Data flow and model sequence constituting the interoperable models’ coupling system for precise irrigation (IMCIS)

2.3 The Weather Prognostic Model

The Air Pollution Model (TAPM) is an operational prognostic meteorological and pollutant dispersion model (Hurley and Luhar 2009; Hurley et al. 2005). This model is used for the first time as a tool providing localized, short-term forecasts for precision agricultural management. It solves the momentum equations for horizontal wind components; the incompressible continuity equation for the vertical velocity in a terrain-following coordinate system; and the scalar equations for potential virtual temperature, specific humidity of water vapor, cloud water/ice, rain water and snow.
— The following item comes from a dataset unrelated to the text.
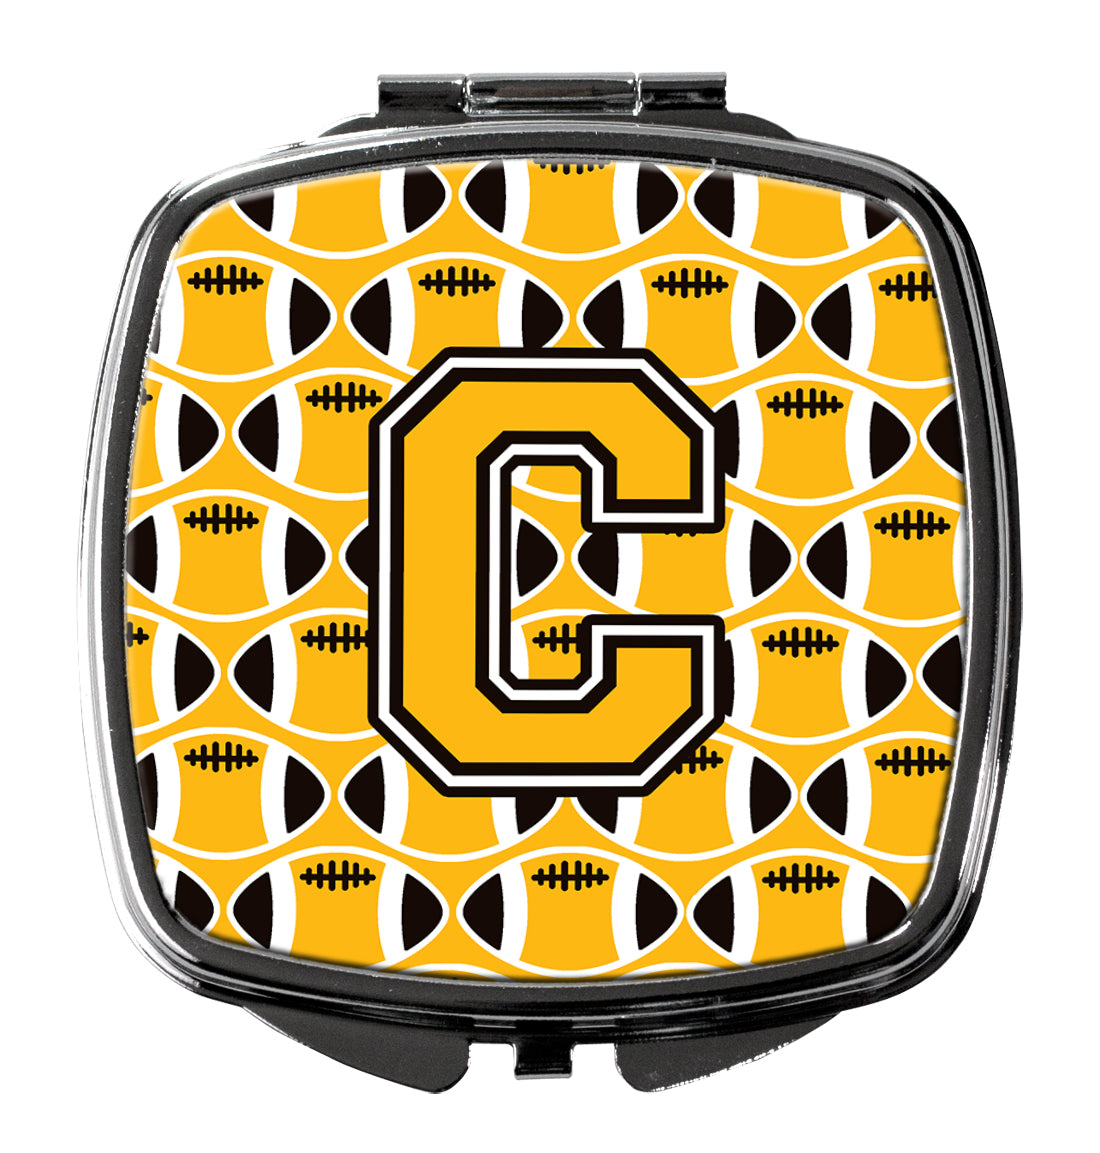 Letter C Football Black, Old Gold and White Compact Mirror CJ1080-CSCM
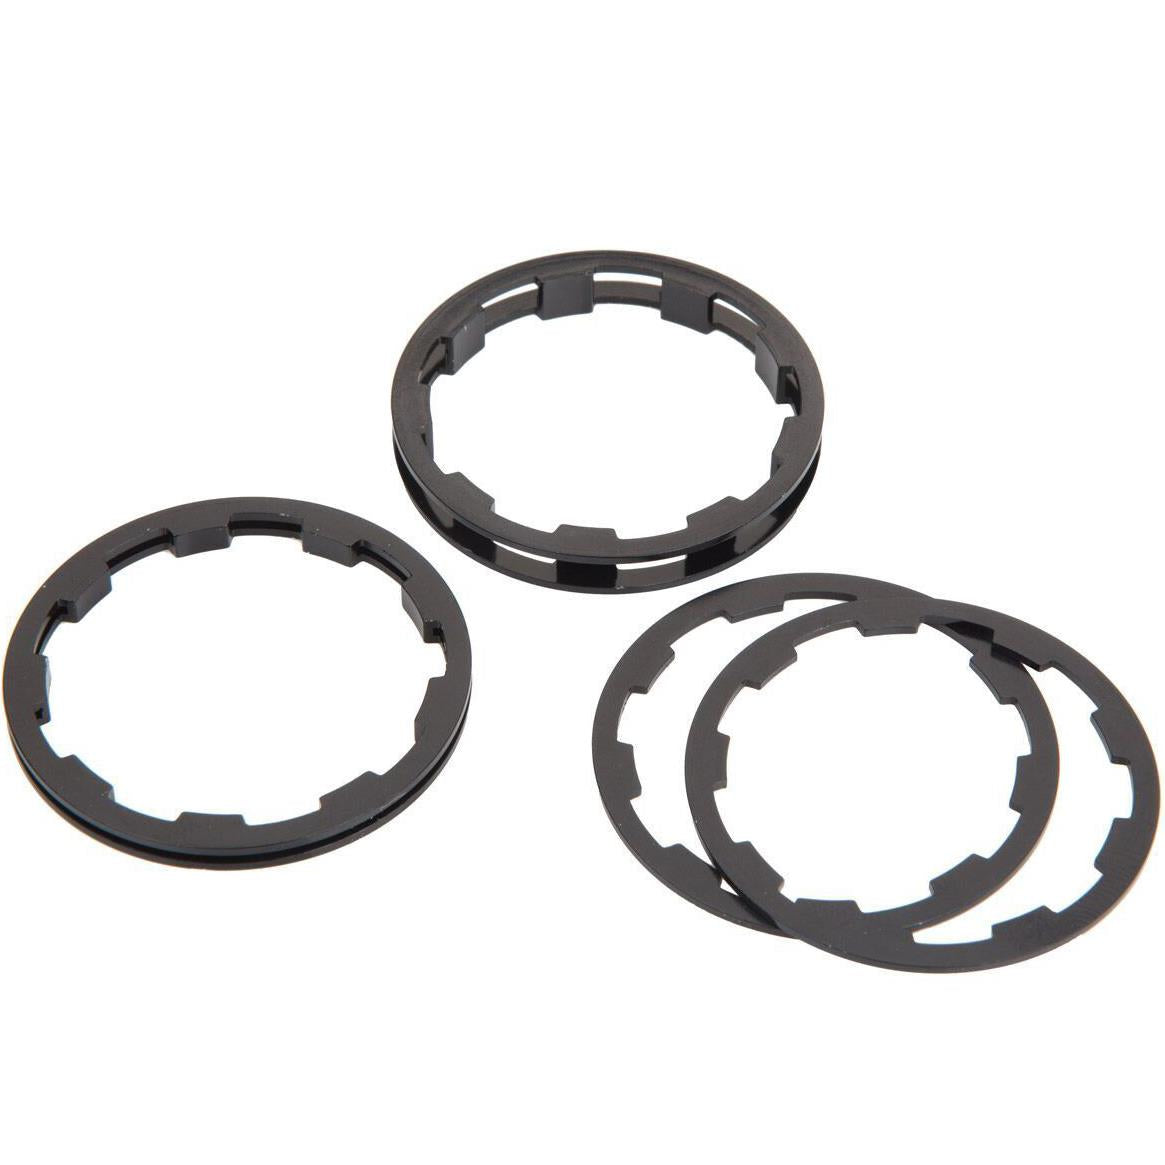 Box One Race Cassette Spacer-Kits

Aiming to derive the predicted weather conditions for the next five days at the PI experimental site, TAPM was configured on a five-nested grids mode, with constant horizontal spacing at each grid, reaching the level of the experimental field size (300 × 300 m). TAPM at first solves the governing equations for the outer grid and progressively the inner grids are solved. In the present case, the outer grid was supplied by synoptic forecasted data with 0.5o × 0.5o spatial resolution (NOAA/GFS), covering the area 8-28o E and 34-45o N. GFS outputs were then interpolated vertically from the Eta model levels to the pressure levels and horizontally from the Arakawa E-grid to a regular un-staggered A-grid, to agree well with the grid spacing of the coarse synoptic grid. The model provides hourly values for wind speed and direction, air temperature, relative humidity, net radiation, extraterrestrial radiation, sensible and evaporative heat fluxes, and rainfall rates. Forecasted results at the farm level grid were compared to the on-site meteorological station for model calibration and validation. Further, model forecasted parameters were utilized to estimate the hourly ETo-values, integrated on a daily basis and serving as inputs to the crop growth model.

2.4 The Crop Growth Model

AquaCrop (v.4.0) model is a water-driven model simulating the growing cycle of grains, vegetables and root-tuber crops. It requires as inputs only explicit and intuitive parameters and variables, and produces as output a considerable balance between accuracy, simplicity and robustness (Battilani et al. 2014; Farahani et al. 2009; García-Vila et al. 2009; Hussein et al. 2011). The model calculates the daily transpiration Tr according to an empirical parameterization, as:

$$ {T}_r={K}_S\times C{C}^{*}\times {K}_C{T}_{r,x}\times E{T}_0 $$
(1)

where: ETo is the reference evapotranspiration; KcTr,x the mid-season crop coefficient, adjusted for crop ageing and possible adverse early senescence effects (Allen et al. 1998); KS the soil water crop coefficient integrating water logging, stomatal closure and early senescence effects; and CC* the adjusted to micro-advective effects green canopy cover, given by:

$$ C{C}^{*}=1.72CC-C{C}^2+0.30C{C}^3 $$
(2)

The cumulative aboveground dry biomass (B) is estimated utilizing the daily ratios of Tr over ETo, and the water productivity (WP), a parameter expressing the biomass increase per mm of water transpired by the plants, as:

$$ B=WP\times {\displaystyle \sum \frac{Tr}{E{T}_0}} $$
(3)

The final seed cotton yield (Y) is derived as the product of B on the harvesting day, and the harvest index HI, i.e., the percentage ratio of seed cotton yield to aboveground dry biomass, as:

$$ Y=B\times HI $$
(4)

The model solves the soil water balance equation (Allen et al. 1998) to estimate the deficit of water in the root zone (Dr). Three SWC threshold limits define the plant water stress status: the first threshold refers to the optimum canopy cover expansion (Wexp); the second indicates the stomatal closure effect (Wsto) and the third the triggering of the early canopy senescence (Wsen). These threshold levels differ among cultivars. Based on the above, three different types of data were imported into AquaCrop model through IMCIS, corresponding to meteorological, cultivar and soil profile data.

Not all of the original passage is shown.